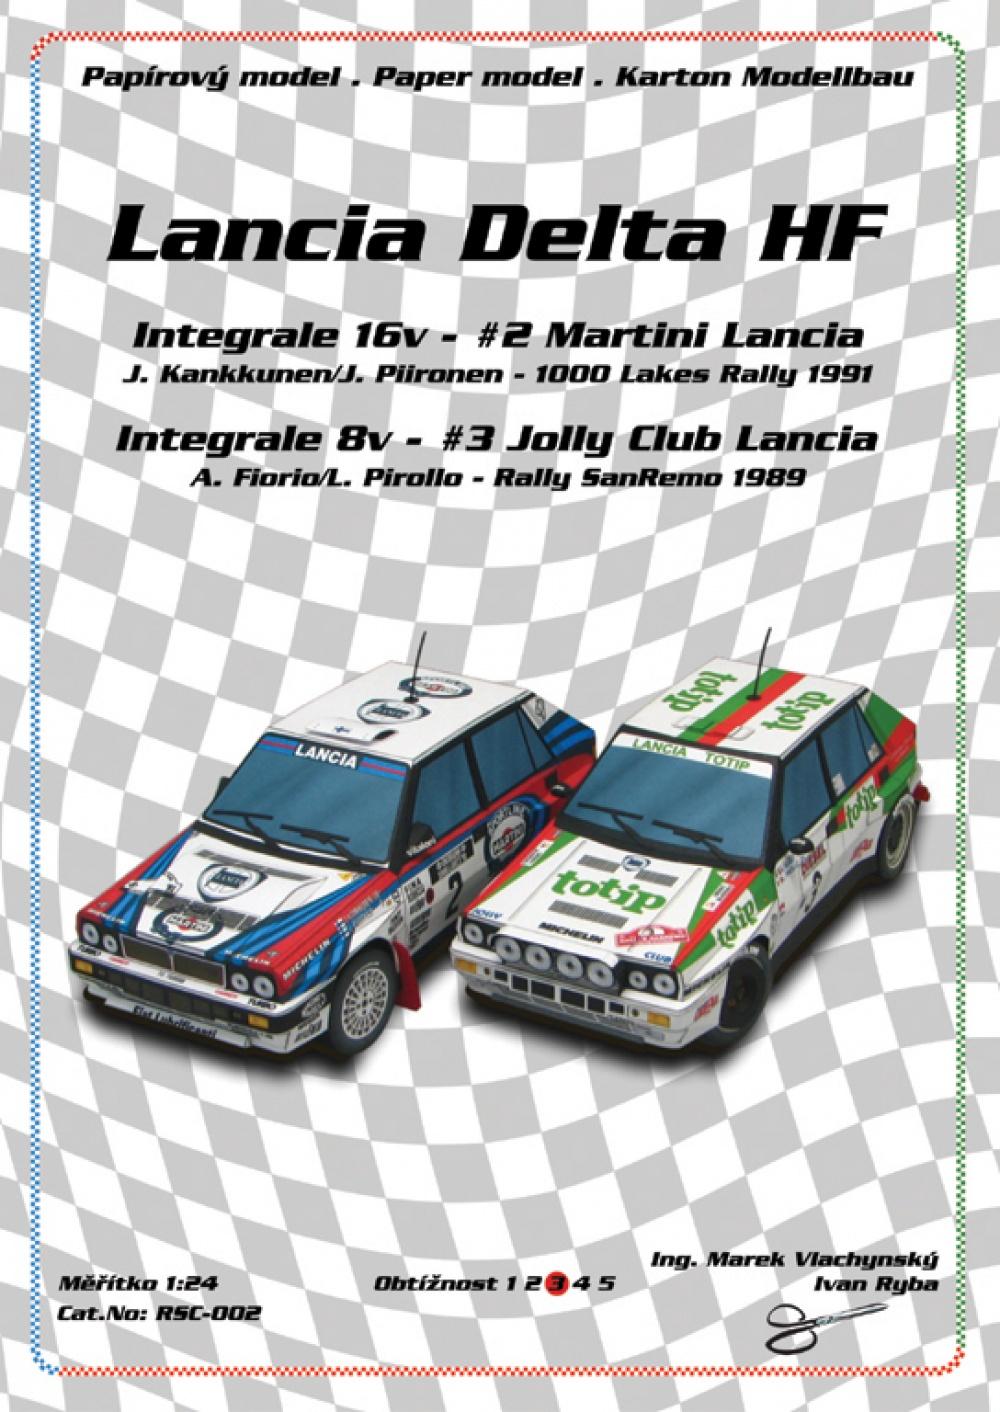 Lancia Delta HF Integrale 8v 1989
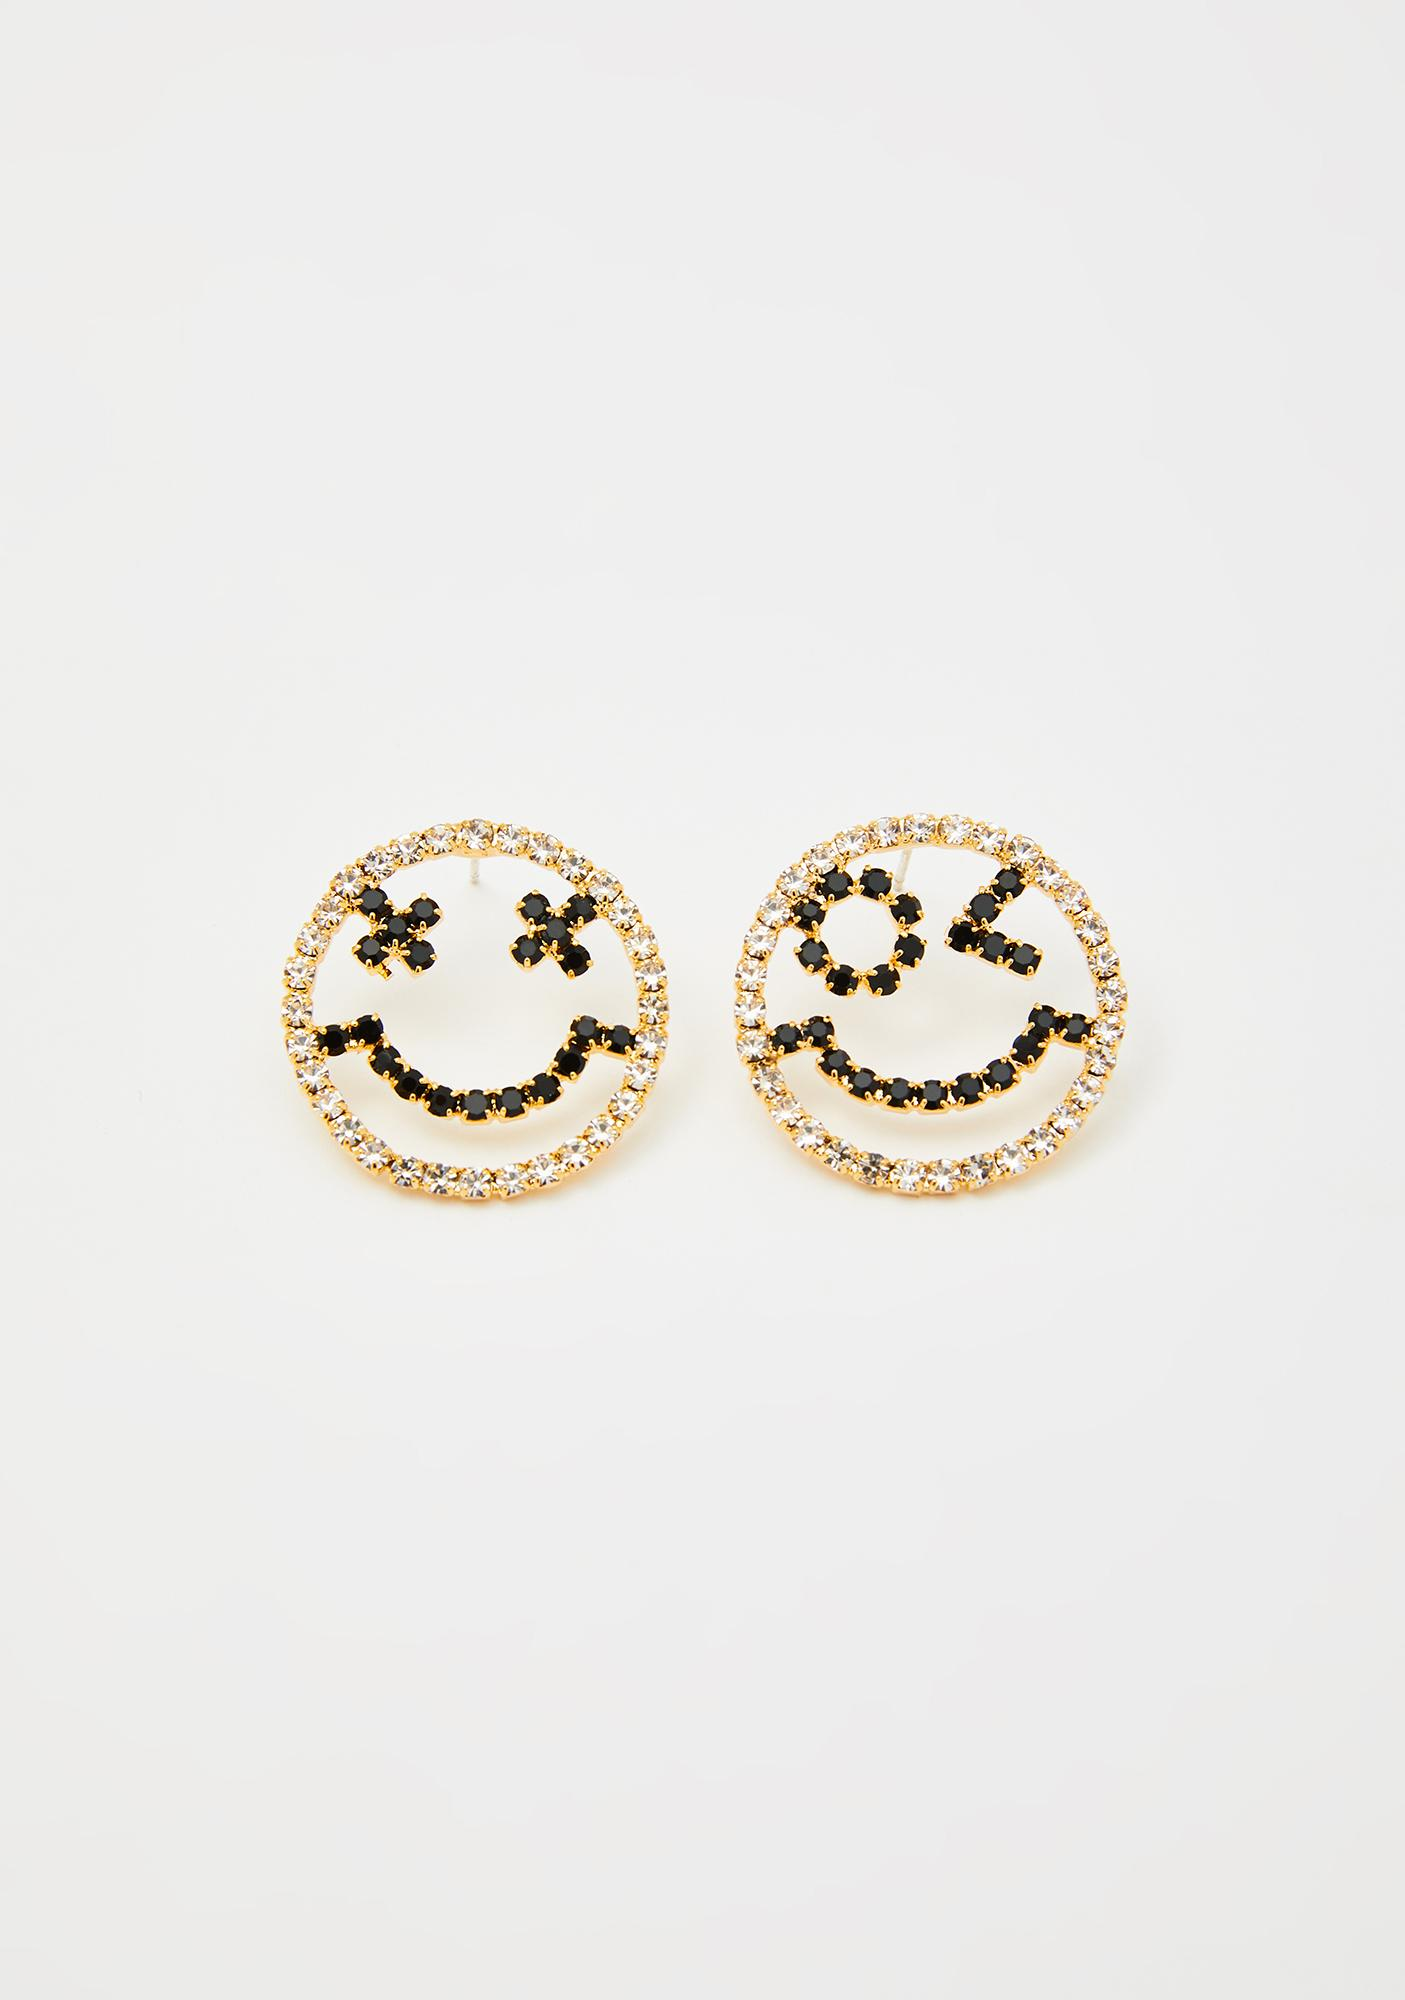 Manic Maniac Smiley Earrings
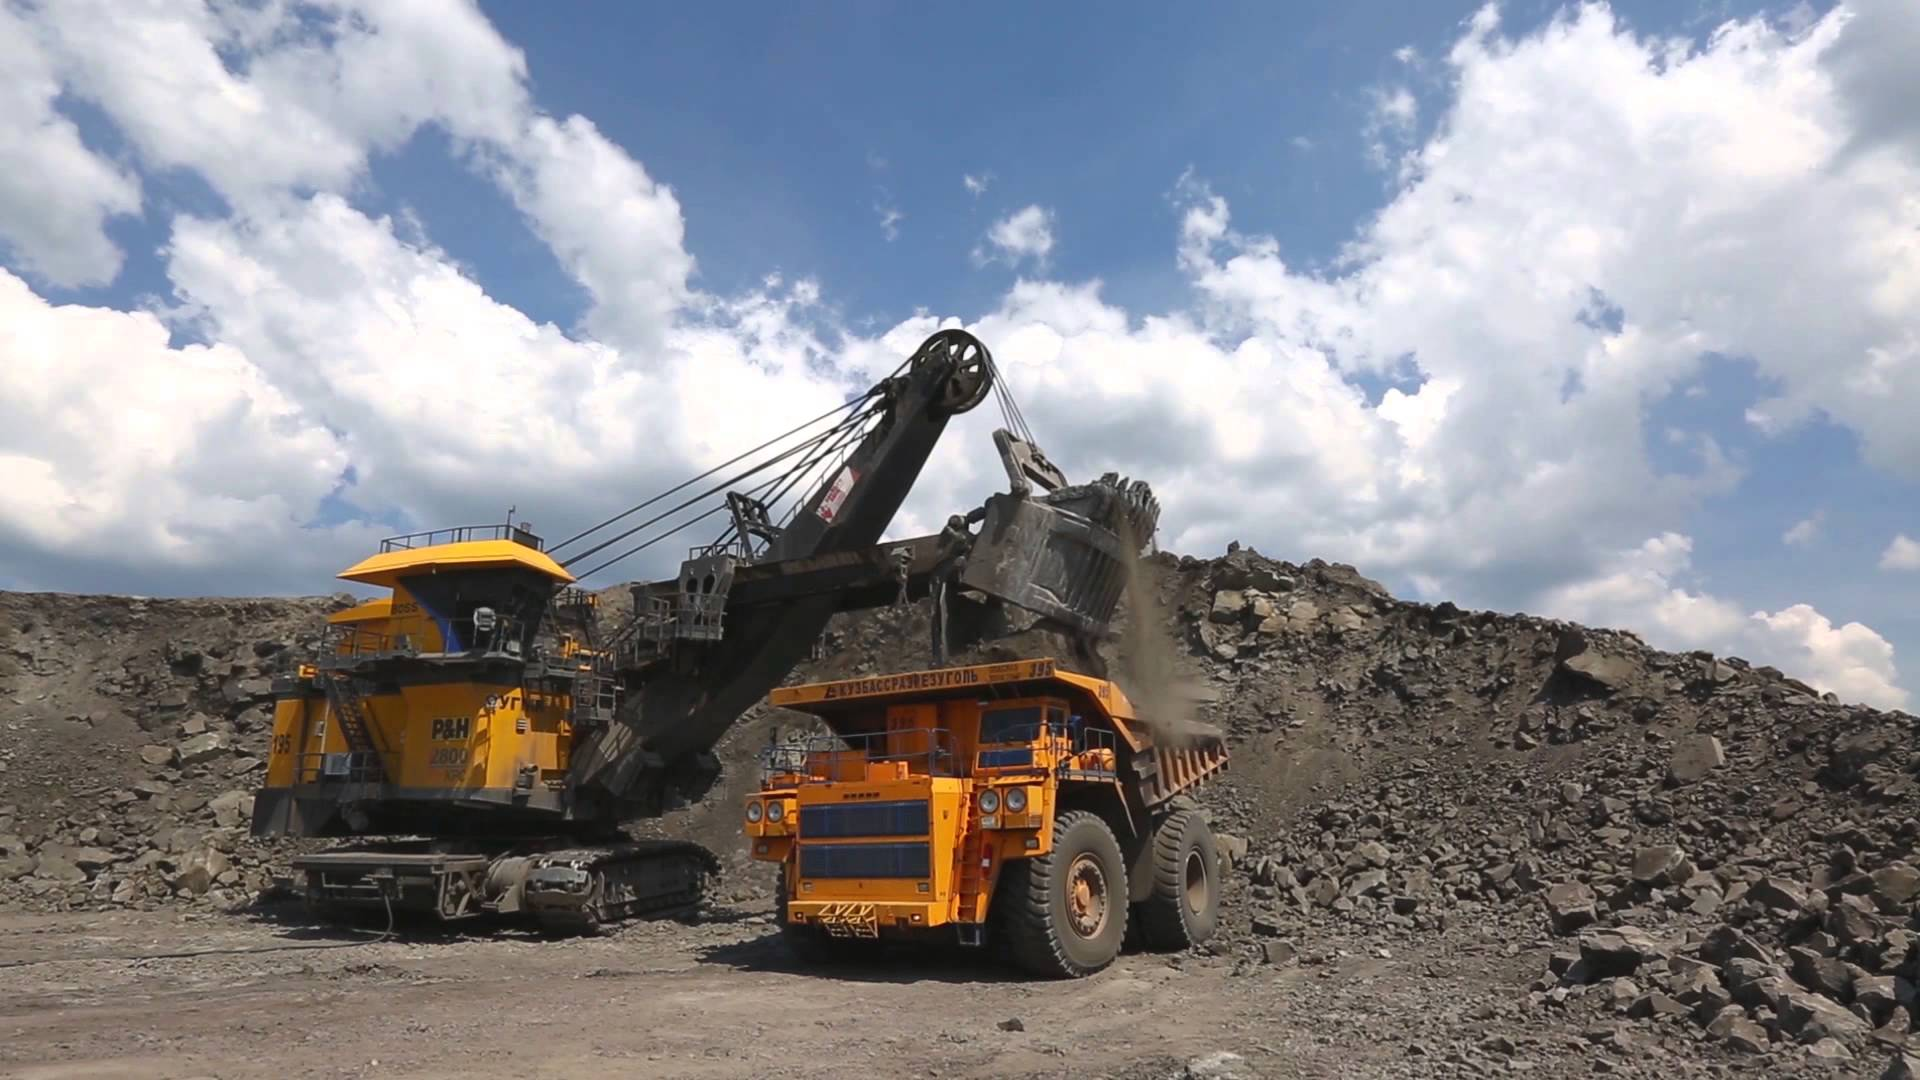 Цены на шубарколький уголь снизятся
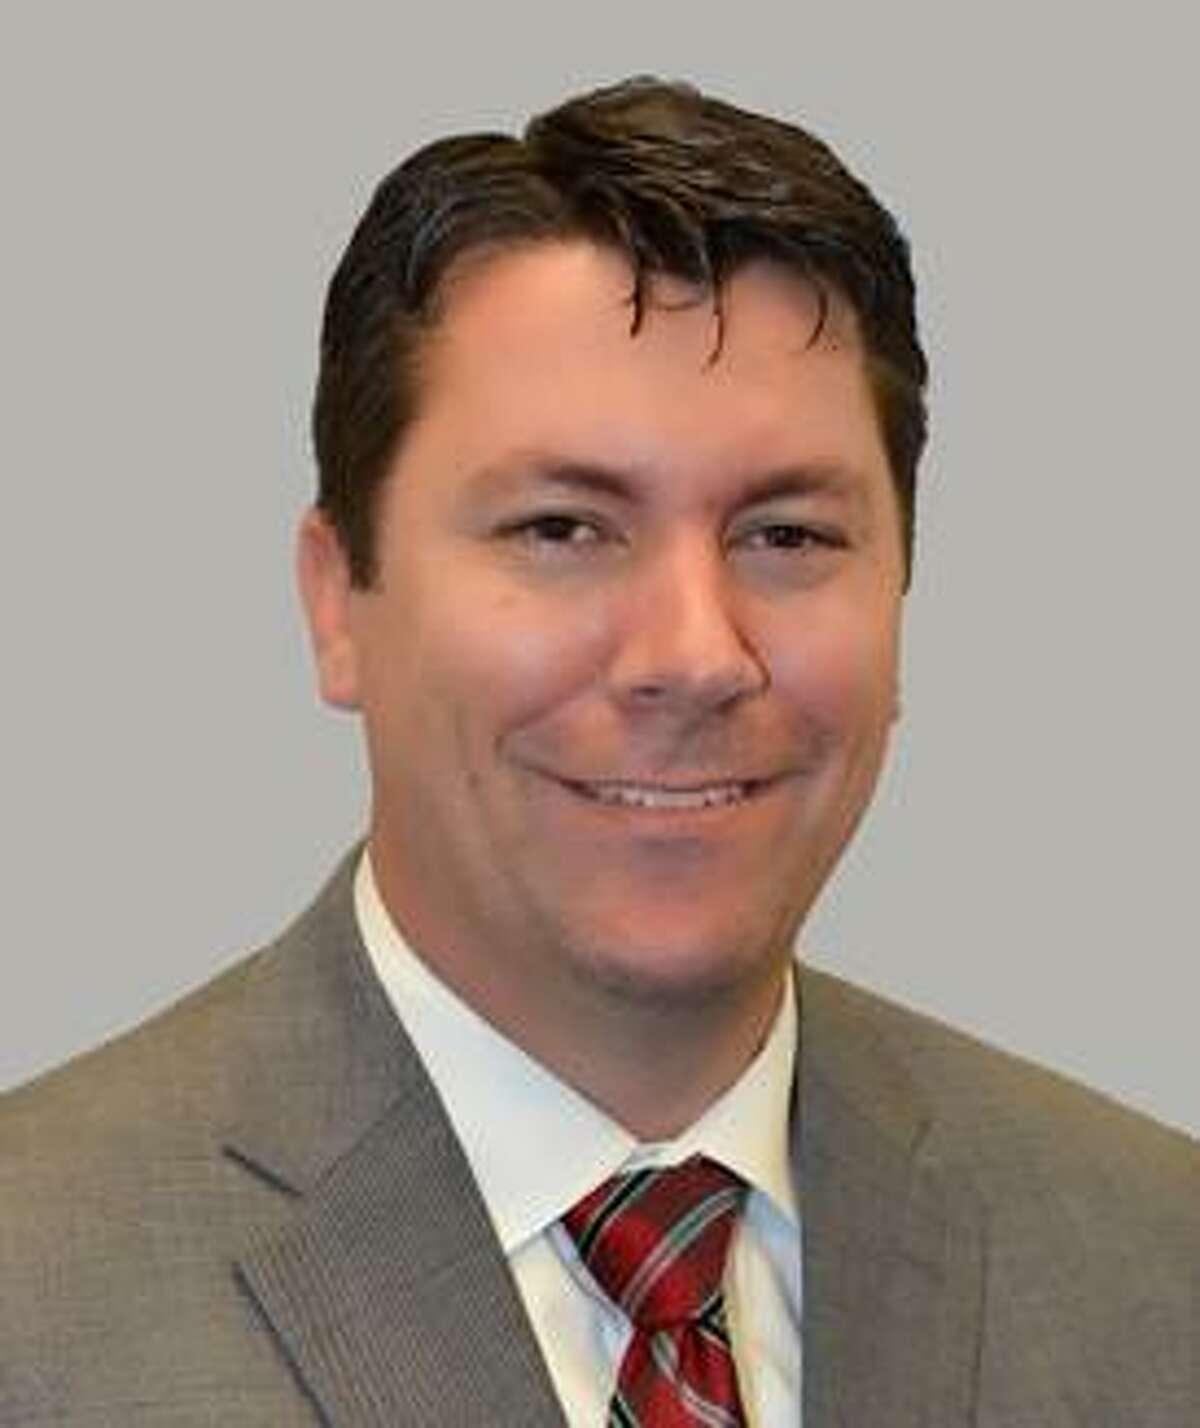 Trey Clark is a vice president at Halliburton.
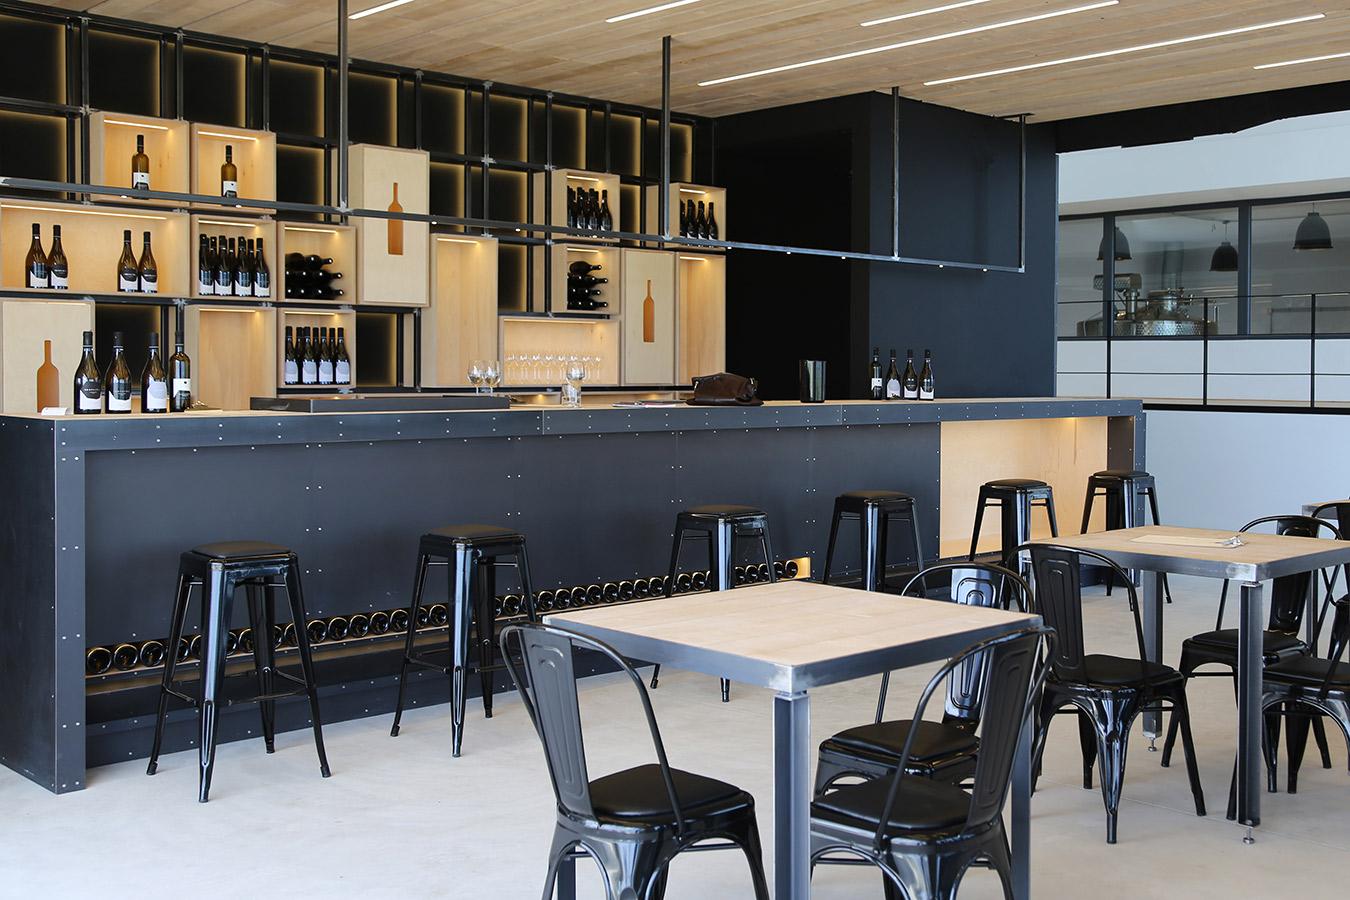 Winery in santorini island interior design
# # # # #
**Exercise brief**
Line by line, return the listing above exactly, leaving out its pictures.

**Your response**
 Lancia Delta HF Integrale 8v 1989
 Manic Maniac Smiley Earrings
 Цены на шубарколький уголь снизятся
 Trey Clark is a vice president at Halliburton.
 Winery in santorini island interior design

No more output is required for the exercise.